Kapitel 28
Sie spazierten langsam vom Pub zu Annes Auto.
»Sie meinen also, einer ihrer früheren Lover könnte eifersüchtig auf Ernie gewesen sein und ihn …« Anne stockte.
»Ich weiß es nicht, aber es ist doch wirklich mehr als seltsam, dass er so spurlos verschwunden ist. Oder fast spurlos. Seine Gummistiefel sind noch im Schuppen von Jean Barlow.«
Anne nickte. »Die würde er in Südamerika nicht brauchen. Aber ich muss zugeben, ich glaube nicht an Südamerika. Ich glaube allerdings auch nicht daran, dass die Polizei auf unsere vage Vermutung hin etwas unternehmen wird. Wir haben ja nicht einmal einen Beweis für ein Verbrechen. Und natürlich auch keinen Verdächtigen.«
»Verdächtig sind im Grunde zwei Gruppen. Männer wie Angus, die hier leben und mal was mit Jean Barlow hatten, und die sogenannten Gartenfreaks. Vielleicht hatte sich da einer mehr versprochen, als sie zu geben bereit war. Und als dann Ernie auftauchte, der sie ja anscheinend doch beeindruckt hat …« Finola zuckte mit den Achseln.
»Und wie finden wir die Namen der potenziellen Verdächtigen raus? Haben Sie eine Idee?« Anne blieb neben ihrem Auto stehen.
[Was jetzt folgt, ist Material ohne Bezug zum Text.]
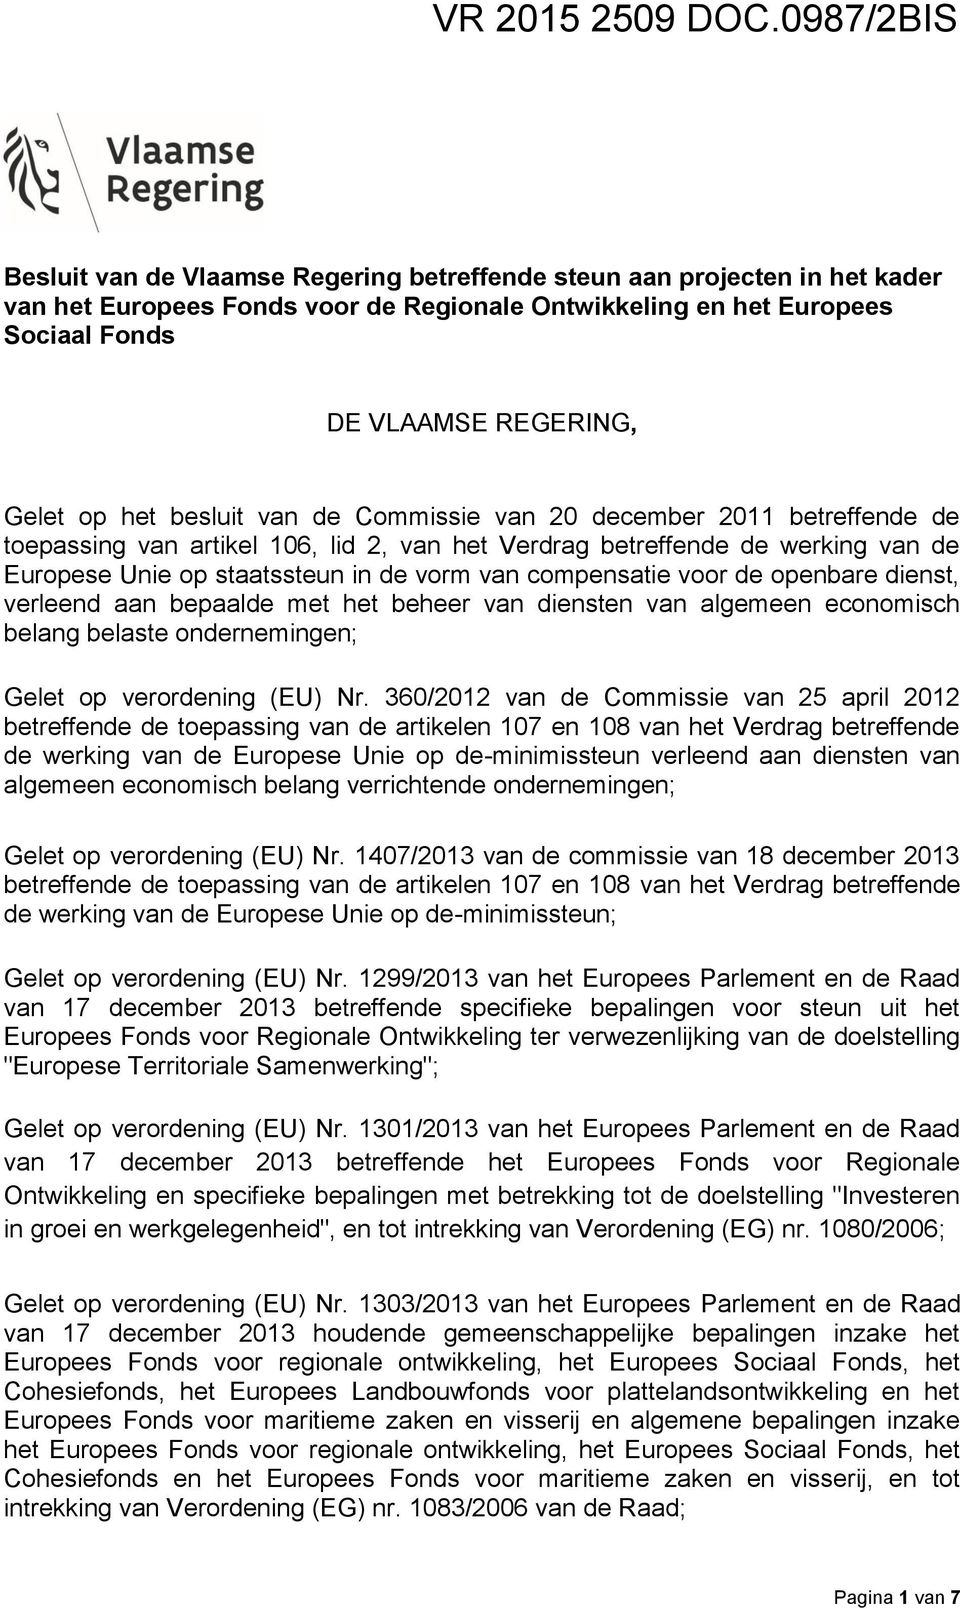 op het besluit van de Commissie van 20 december 2011 betreffende de toepassing van artikel 106, lid 2, van het Verdrag betreffende de werking van de Europese Unie op staatssteun in de vorm van

Finola nickte. »Sie gehen nachher noch einmal zurück in den Pub und fragen Angus aus. Vielleicht so ein bisschen als verzweifelte, betrogene Frau? Er fand Sie nämlich ›nett und anständig‹ und klang dabei sehr ritterlich.«
»Und wegen der Gartenfreaks?«
»Rufen Sie Lachie an! Der kann über das Internetportal sicher die entsprechenden Daten der Männer abrufen, die BabyJean kontaktiert haben. Vielleicht erkennen wir dann eine Querverbindung zu jemandem, mit dem BabyJean kurz zuvor oder etwa zur gleichen Zeit in Kontakt war.«
Anne hob die Augenbrauen. »Mir scheint, Sie haben das durchgedacht. Was wollen Sie selbst machen?«
»Ich werde wieder zu Rose Miller aus London und gehe zurück nach Invertingle. Schließlich habe ich hinten an der Mauer noch nicht alles umgegraben. Und sicher kann ich nach getaner Arbeit mit Ms Barlow noch ein wenig Tee trinken und plaudern. Wir können dann ja mal ganz zufällig über Männer reden. Ich schätze, wenn ich es richtig anfange, wird sie mich an ihrem reichen Erfahrungsschatz teilhaben lassen.« Finola zwinkerte.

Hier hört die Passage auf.